LISTED ENTRIES —

- - -

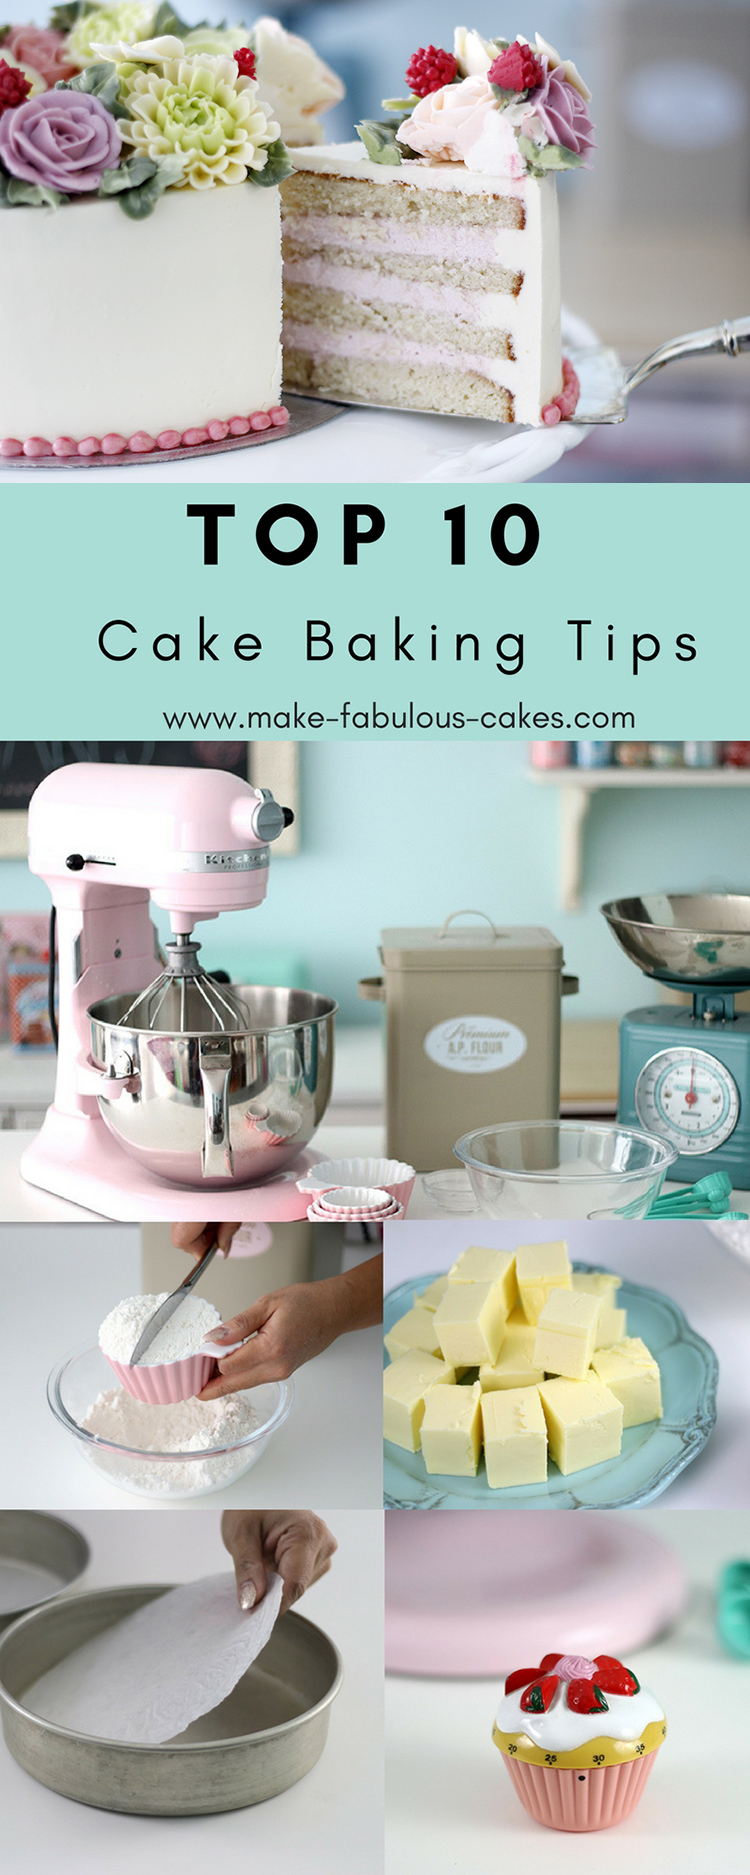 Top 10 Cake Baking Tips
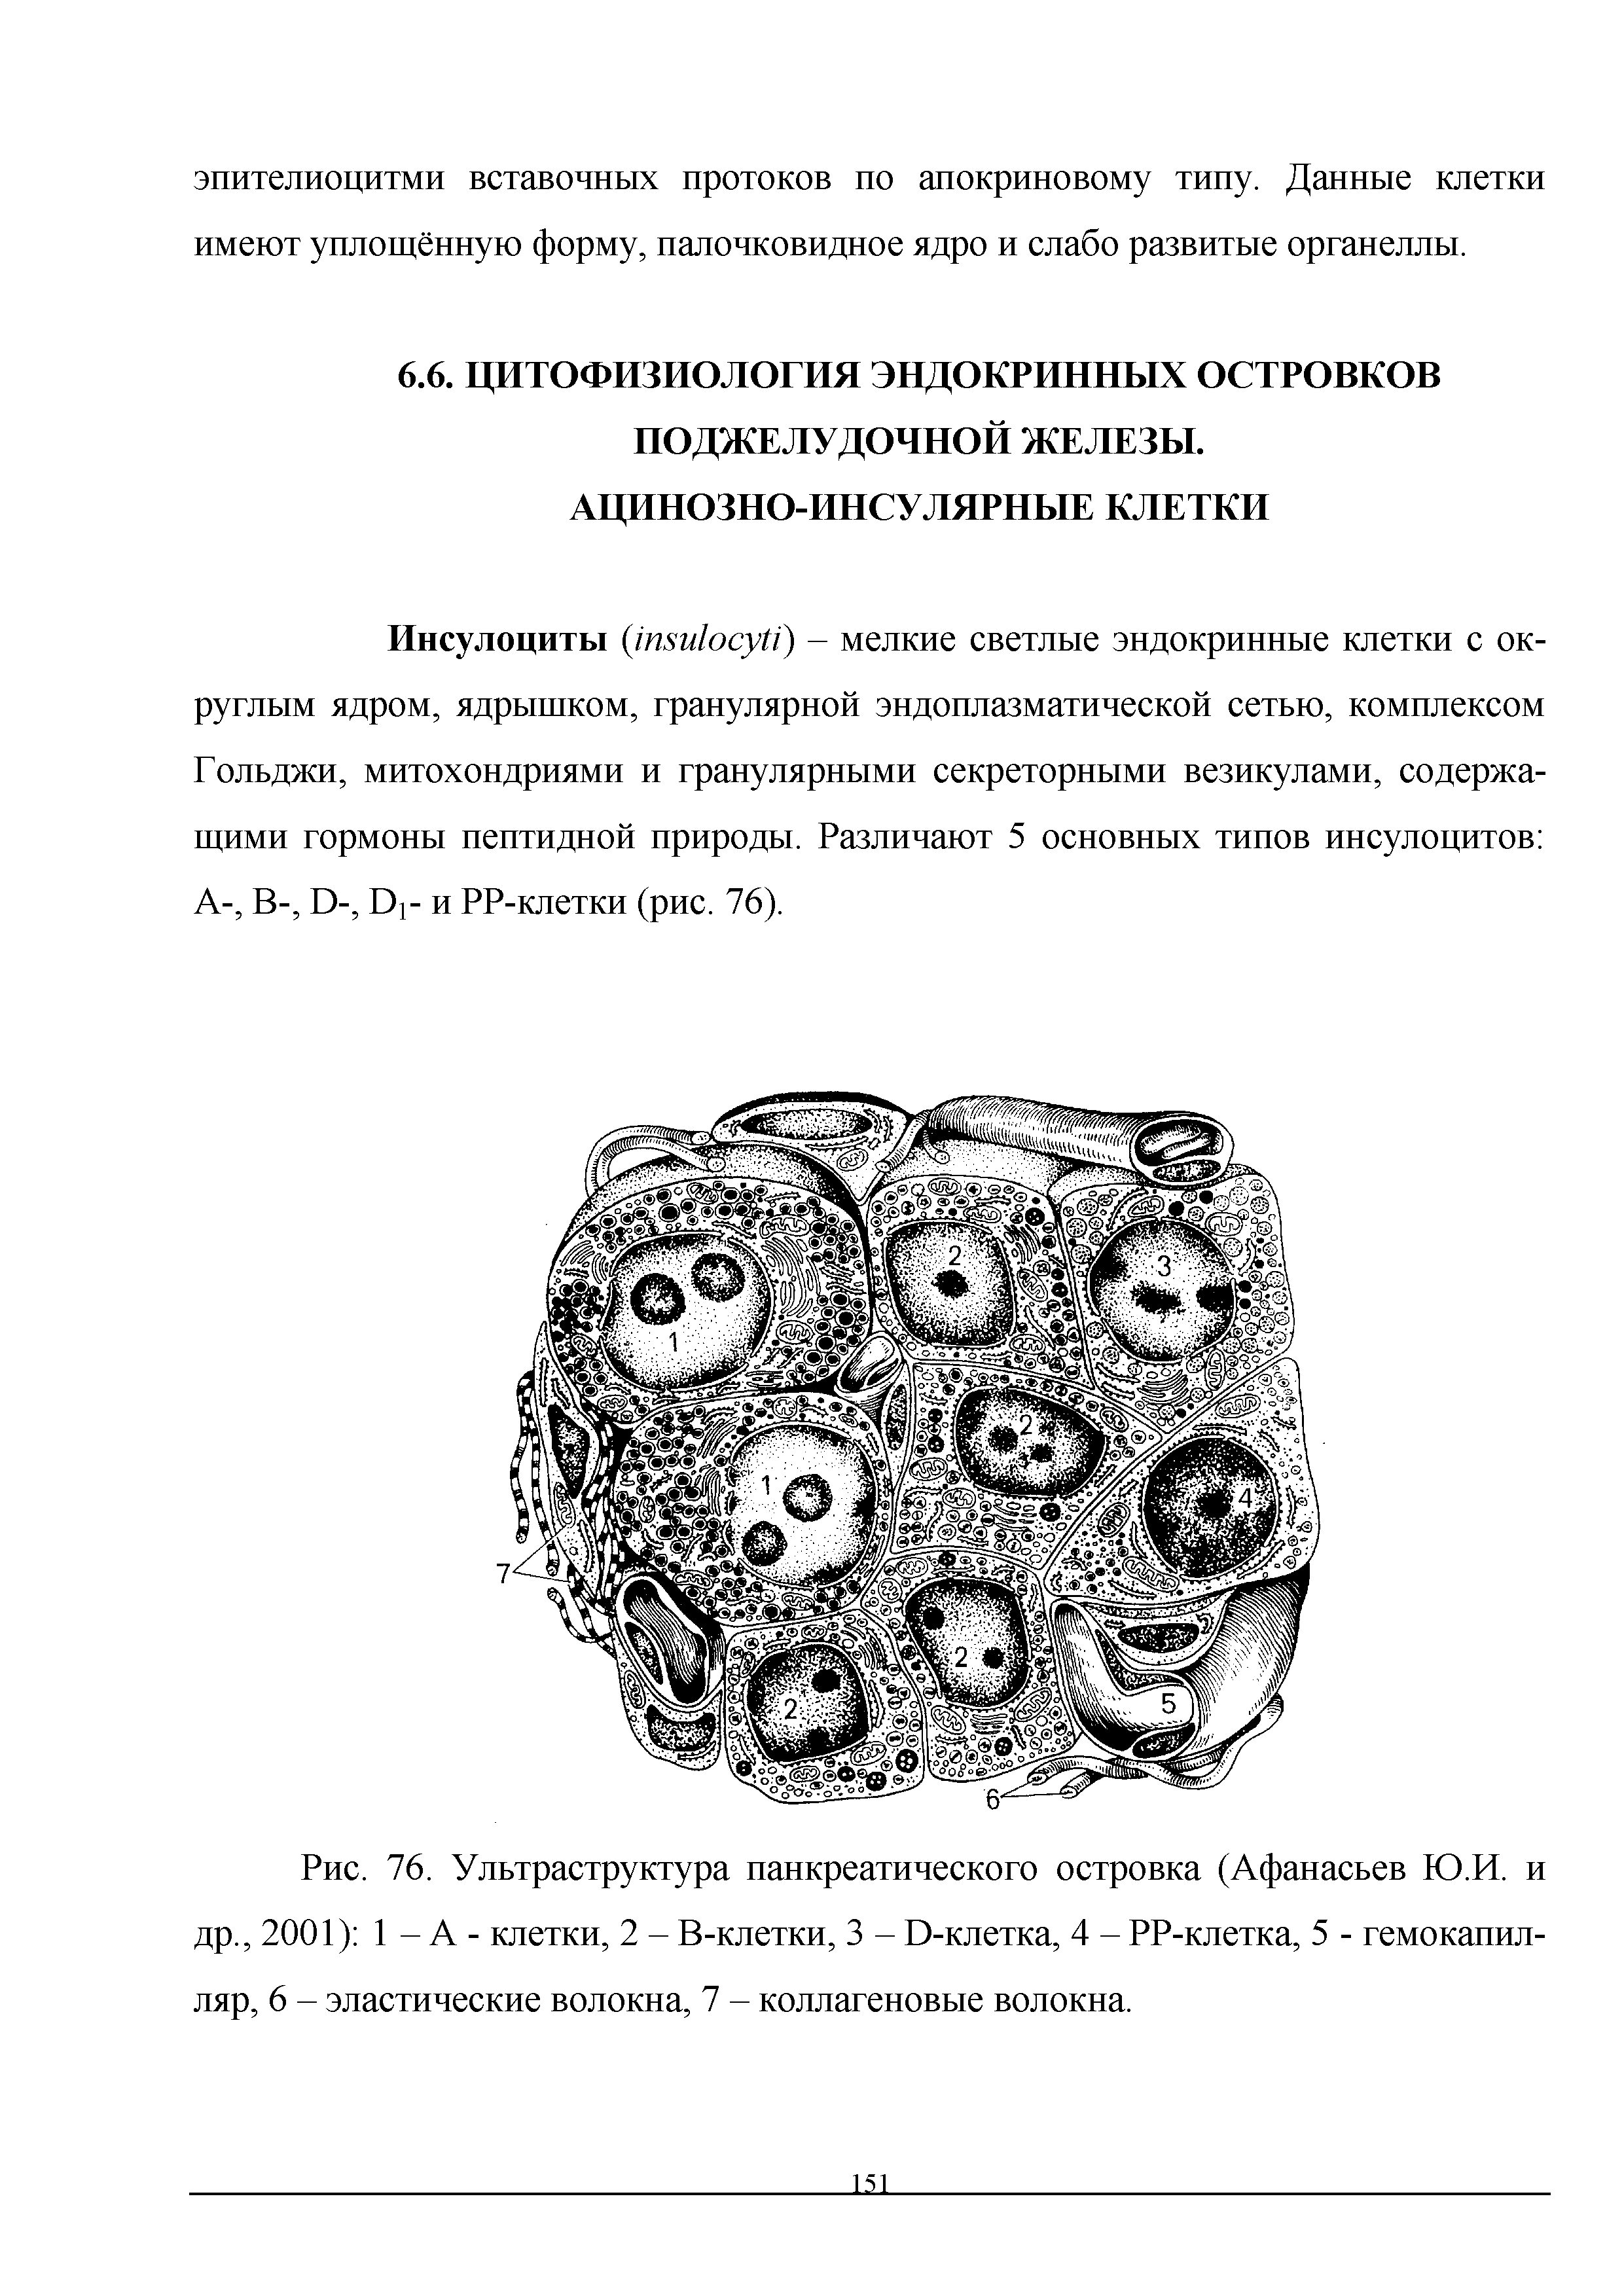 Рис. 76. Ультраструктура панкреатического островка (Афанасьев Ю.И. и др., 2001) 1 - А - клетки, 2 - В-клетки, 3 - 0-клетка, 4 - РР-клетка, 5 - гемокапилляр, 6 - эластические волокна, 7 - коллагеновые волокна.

- - -

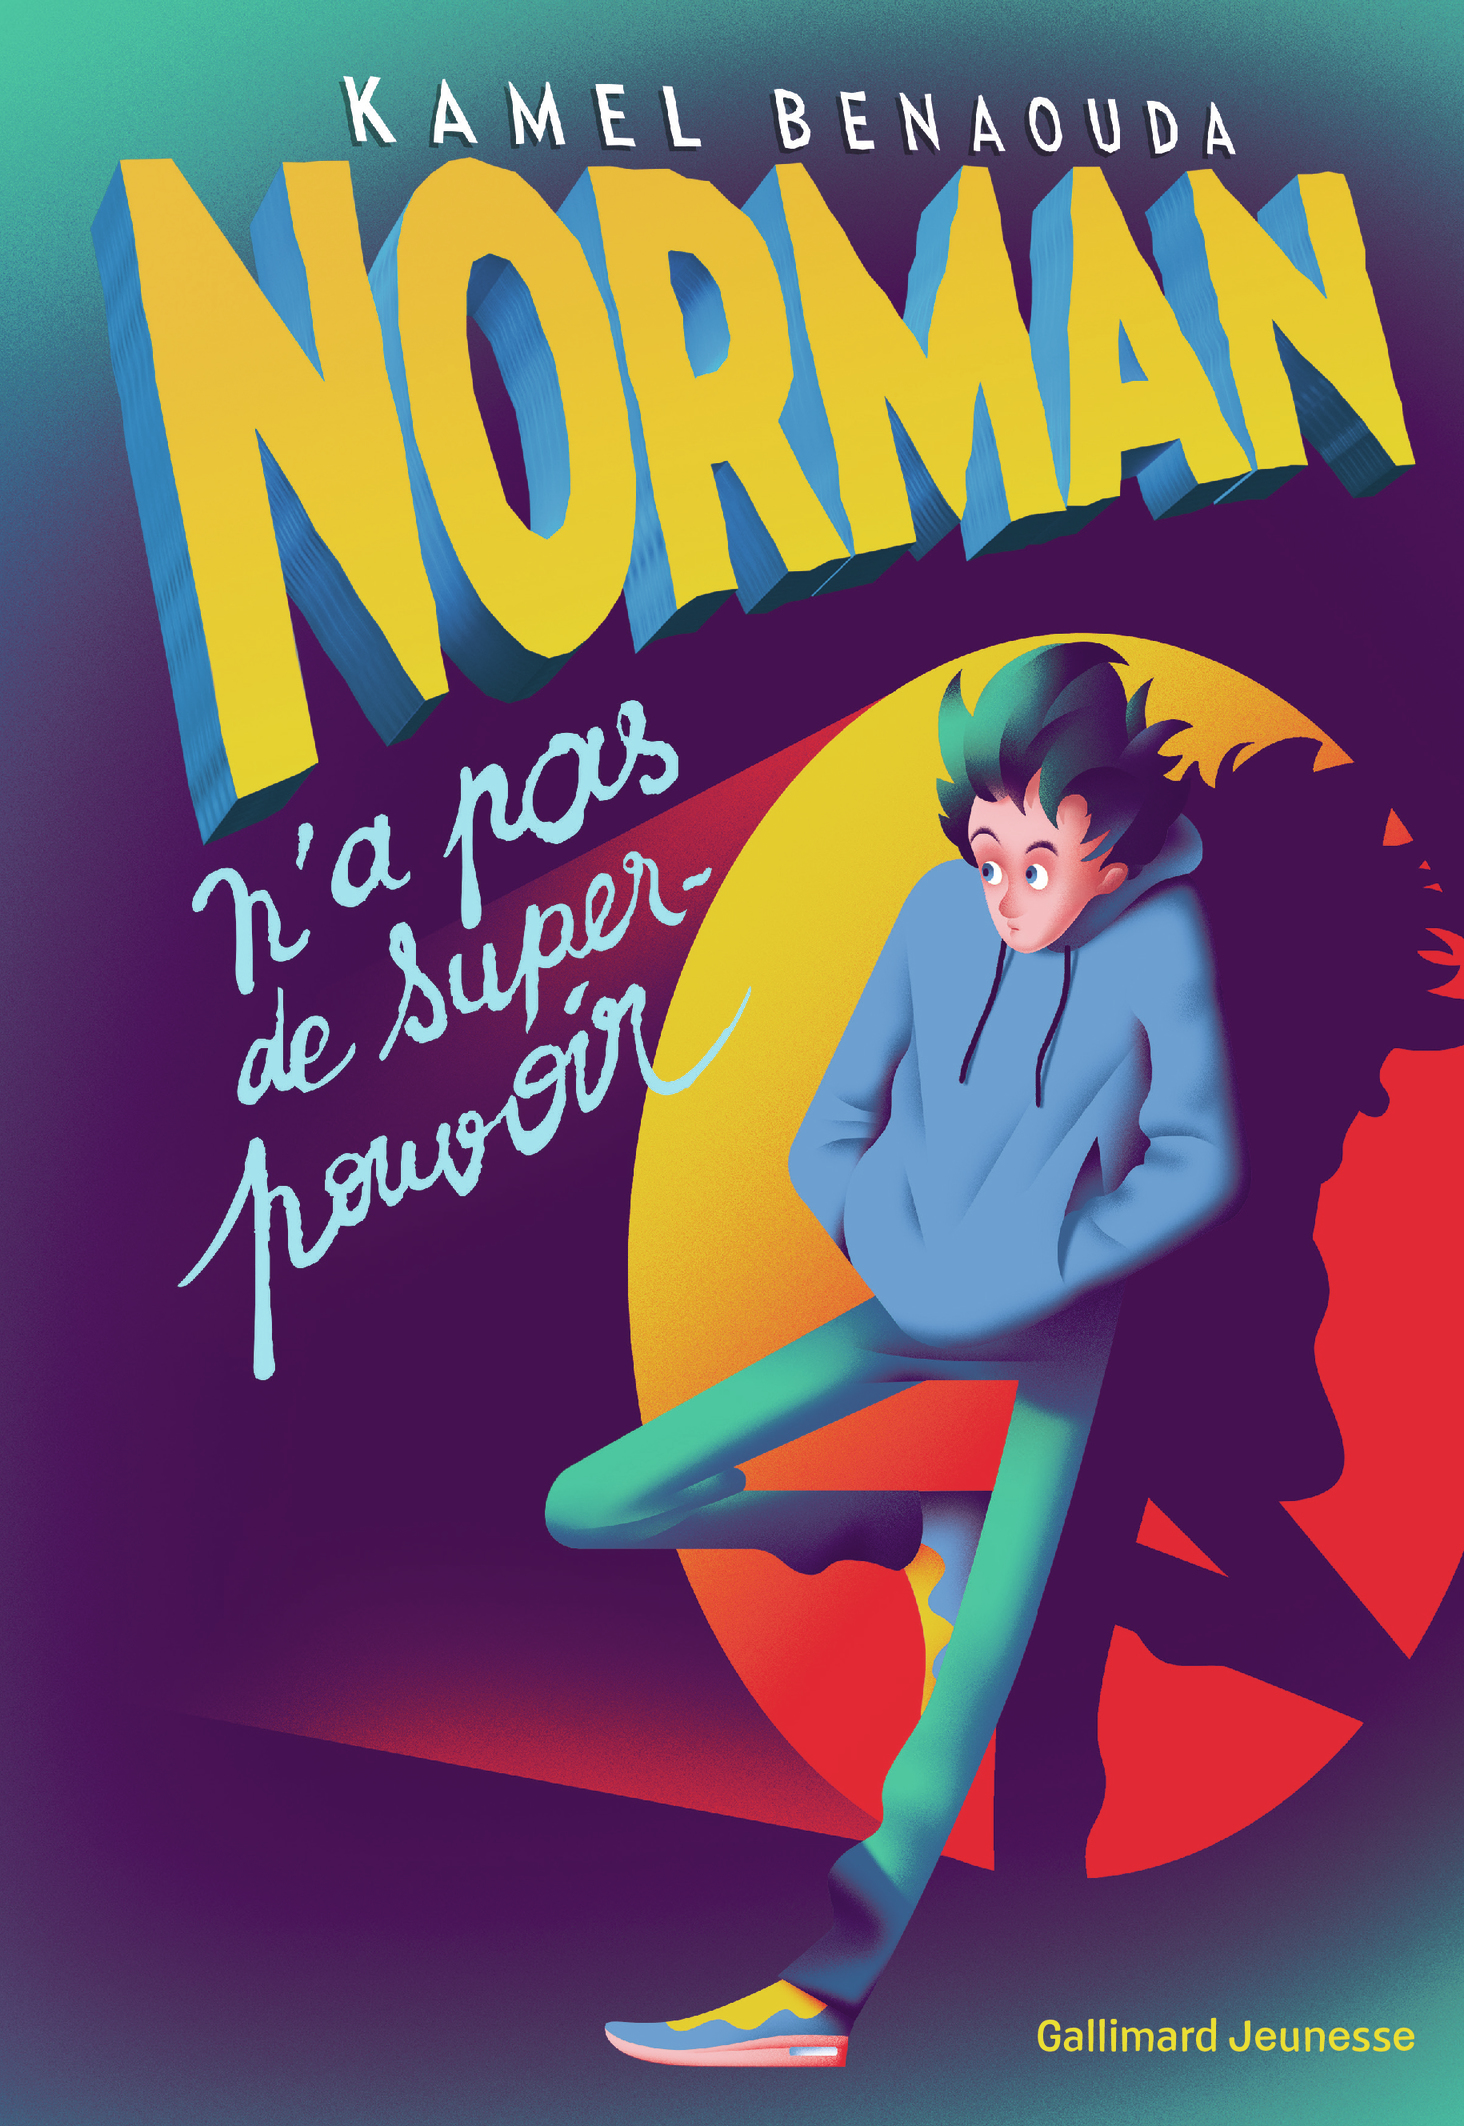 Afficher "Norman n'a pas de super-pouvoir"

- - -

ABOUT THIS EXERCISE — Pictures in the material above should be skipped; print exactly the lines from the one with "Top 10 Cake Baking Tips" through the one with "Рис. 76. Ультраструктура".

REPLY —
 Top 10 Cake Baking Tips
 Рис. 76. Ультраструктура панкреатического островка (Афанасьев Ю.И. и др., 2001) 1 - А - клетки, 2 - В-клетки, 3 - 0-клетка, 4 - РР-клетка, 5 - гемокапилляр, 6 - эластические волокна, 7 - коллагеновые волокна.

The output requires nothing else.